Japan steps ups efforts to free hostages as deadline nears

Japan's Prime Minister Shinzo Abe (L) shakes hands with Palestinian president Mahmud Abbas during a press conference on January 20, 2015, in the West Bank city of Ramallah. Abe demanded in a press conference in Jerusalem before heading to the West Bank that the Islamic State group, which controls swathes of territory in Iraq an Syria, immediately free two Japanese hostages unharmed after the jihadists posted a video threat to kill them unless Tokyo pays a $200 million ransom within 72 hours to compensate for non-military aid that Abe pledged to support the campaign against IS during an ongoing Middle East.

With the 72-hour deadline approaching, the government is stepping up efforts to collect information on two Japanese nationals taken hostage by a group believed to be the Islamic State via diplomatic channels and seek cooperation from Britain, Jordan and other countries to break the impasse.

On Thursday, Chief Cabinet Secretary Yoshihide Suga said the government has not been able to confirm the safety of hostages Kenji Goto and Haruna Yukawa.

Senior Vice Foreign Minister Yasuhide Nakayama, who heads a local headquarters set up in Amman to deal with the hostage crisis, met with King Abdullah II of Jordan and requested the country's cooperation on Wednesday.

"It's a tough situation, but we will make thorough arrangements to cooperate with Japan," the king was quoted as saying.

Asked about cooperation with Jordan after the meeting, Nakayama told reporters, "I must refrain [from commenting on the subject] as it's sensitive." He is believed to have met with other senior Jordanian government officials.

Jordan, which accepts refugees from Syria, has joined the US-led coalition to fight the Islamic State and has been conducting airstrikes against the Islamic militant group out of concern that the group may enter the country.

In December, a pilot engaged in an airstrike against the Islamic State was taken hostage by the group.

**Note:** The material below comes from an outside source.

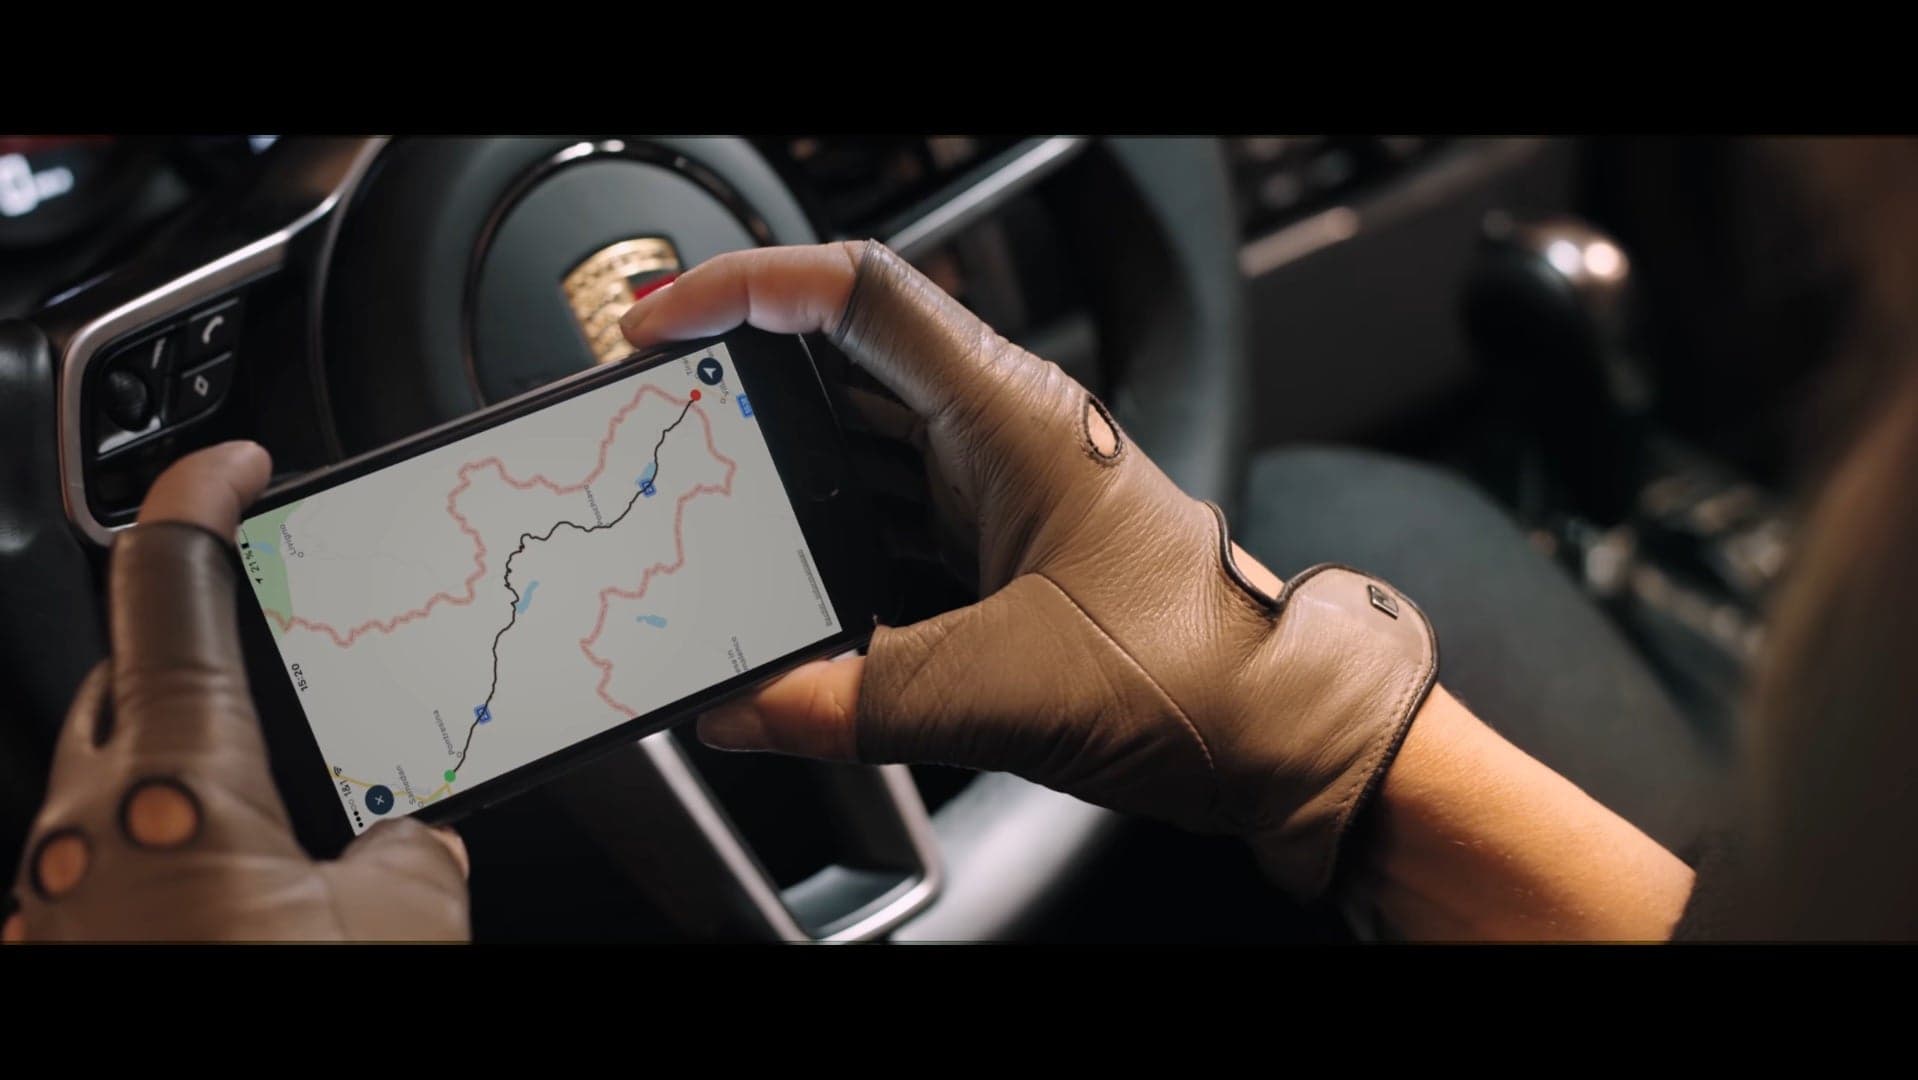 Porsche’s New Video Series Tracks Down The World’s Most Beautiful Roads

The pilot still remains captive.

The government has high expectations for cooperation from Jordan, a nation on the front line of the fight against the Islamic State.

Late Wednesday night, Prime Minister Shinzo Abe received a report from Nakayama about the meeting with the king on the telephone in the Prime Minister's Office.

"The government's basic policy is to have [the two Japanese hostages] released as soon as possible," Suga stressed at a press conference on Thursday morning.

"We are transmitting a message calling for the release [of the two] as soon as possible by using all kinds of channels, including representatives of tribes and religions."

Suga also revealed that the government has so far had no contact from the Islamic State.

The Japanese and British governments announced a joint statement in which the two countries agreed to cooperate in the fight against terrorism after holding two-plus-two security talks involving foreign and defence ministers.

During the meeting, Foreign Minister Fumio Kishida requested Britain's cooperation in the hostage crisis. British Foreign Secretary Philip Hammond responded by saying the British government will fully cooperate with Japan.

"Britain has strong historical ties with the Middle East," Kishida said at a press conference after the meeting. "I hope we can share information such as the background of the incident and movements of the group."

At the same press conference, Defence Minister Gen Nakatani revealed remarks British Defence Secretary Michael Fallon made during the two-plus-two meeting.

Britain has never paid ransom in similar hostage incidents in the past and so Fallon apparently suggested that Japan deal with the current hostage case in the same manner.

According to Nakatani, Fallon said it is necessary to think about how the move to be made would affect subsequent moves. He said various problems would arise unless strong action was taken.

In London, Kishida also held telephone talks with Iranian Foreign Minister Mohammad Javad Zarif on Wednesday evening.

During the talks, Kishida requested cooperation from Tehran, saying, "We hope Iran will offer us support in gathering information and realizing an early release of the Japanese nationals."

In response, Zarif was quoted as saying, "We'll fully cooperate with Japan toward their release as quickly as possible."